If you are looking to gain a better understanding of neurodegenerative disorders such as Alzheimer’s and Parkinson’s, it makes good sense to study protein-driven lipid transport in the body’s cells.
And that is exactly what Assistant Professor Joseph Lyons from the Department of Molecular Biology and Genetics at Aarhus University will be spending the next five years of his working life doing.
Joseph Lyons is one of the nine talented researchers who will become a Lundbeck Foundation Fellow in 2020, and the grant accompanying his appointment will enable him to establish his own research group at Aarhus University.
‘I will look at protein-driven lipid transport in relation to Alzheimer’s and Parkinson’s diseases,’ says Joseph Lyons.
There are some very complex transports of lipids that take place internally in all cells of the body across the cell membrane. This protein-driven transport is popularly known as the ‘lipid-flip-flop process’, as it is controlled by two groups of proteins – lipid flippases and floppases.
Joseph Lyons explains that by regulating the composition of lipids in the cells, for example, the process is also involved in a variety of basic biological processes in humans and other mammals; for instance, signalling systems that control blood coagulation and processes in relation to the cell’s life cycle.

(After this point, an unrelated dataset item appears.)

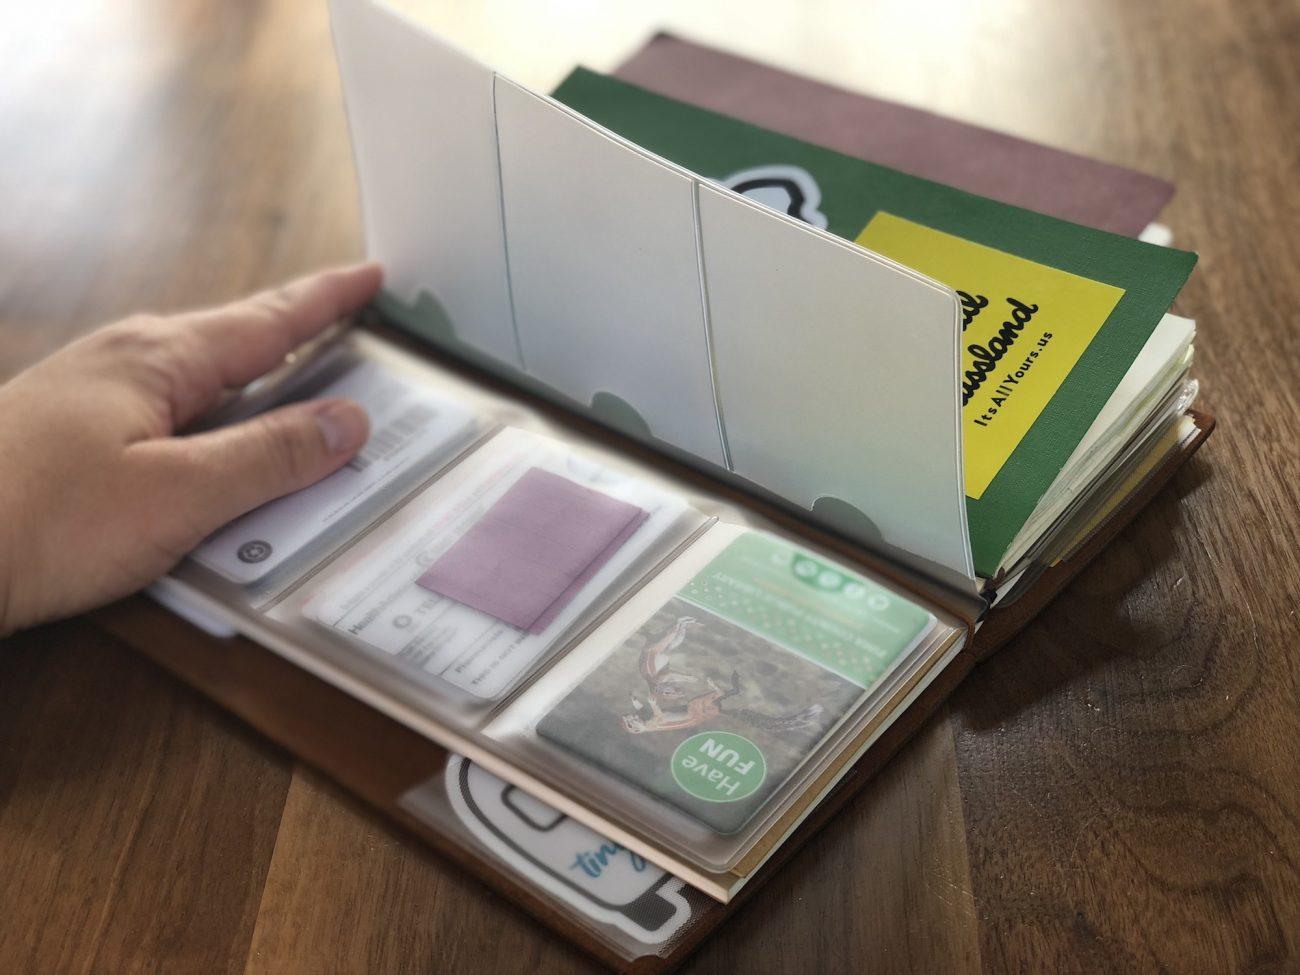 Travelers Notebook - Card holder

In addition, dysfunction of these two protein groups in different ways, which we do not yet understand in detail, also plays a role in various diseases in humans, including neurodegenerative disorders and cancer.
Joseph Lyons has been studying the ‘flip-flop process’ for a number of years – since 2013, at Aarhus University under Professor Poul Nissen of DANDRITE (The Danish Research Institute of Translational Neuroscience). And in the summer of 2019, in collaboration with colleagues from Aarhus University and from German and French universities, Joseph Lyons was able to show the first ever 3D images of flippases. These results were published in a scientific article in Nature.

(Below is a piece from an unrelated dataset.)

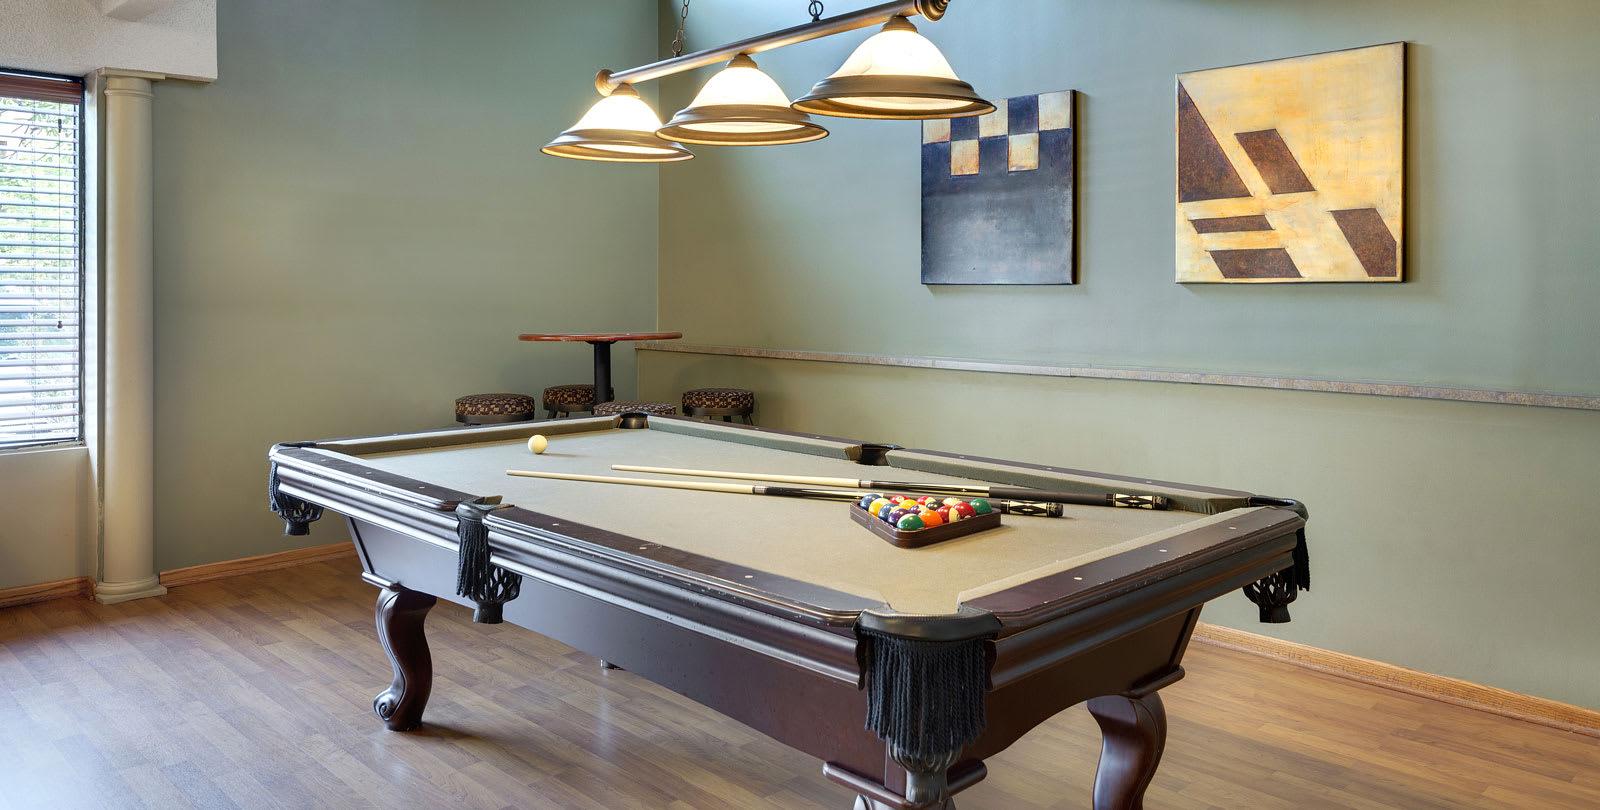 Park Pointe Apartments in St. Louis Park, MN Billiards Table

Flippases and other proteins are too small for traditional photographs to be taken of them. However, using cryo-electron microscopy – a technique where the proteins are examined at temperatures as low as -170oC – a 3D model can be created of both flippases and floppases. And now you can begin to understand how they work – and how dysfunction in the ‘flip-flop process’ can take place in different disease states.
‘The very first cryo-electron microscopy studies that we’ll be carrying out in my group will be about gaining more knowledge about how flippases and floppases are regulated down to the atomic level,’ says Joseph Lyons. The next phase of the project involves experiments at the cellular level. Here Joseph and his colleagues will study the transport of lipids in genetically engineered cells – both in healthy and in dysfunctional cells.
Joseph Lyons says that, in the longer term, knowledge from these studies should make it possible to investigate a hypothesis that links to Alzheimer’s and Parkinson’s diseases: ‘In particular, that dysfunction in the ‘flip-flop process’ may be involved in the accumulation of misfolded proteins – plaques – characteristic of these two neurodegenerative disorders.’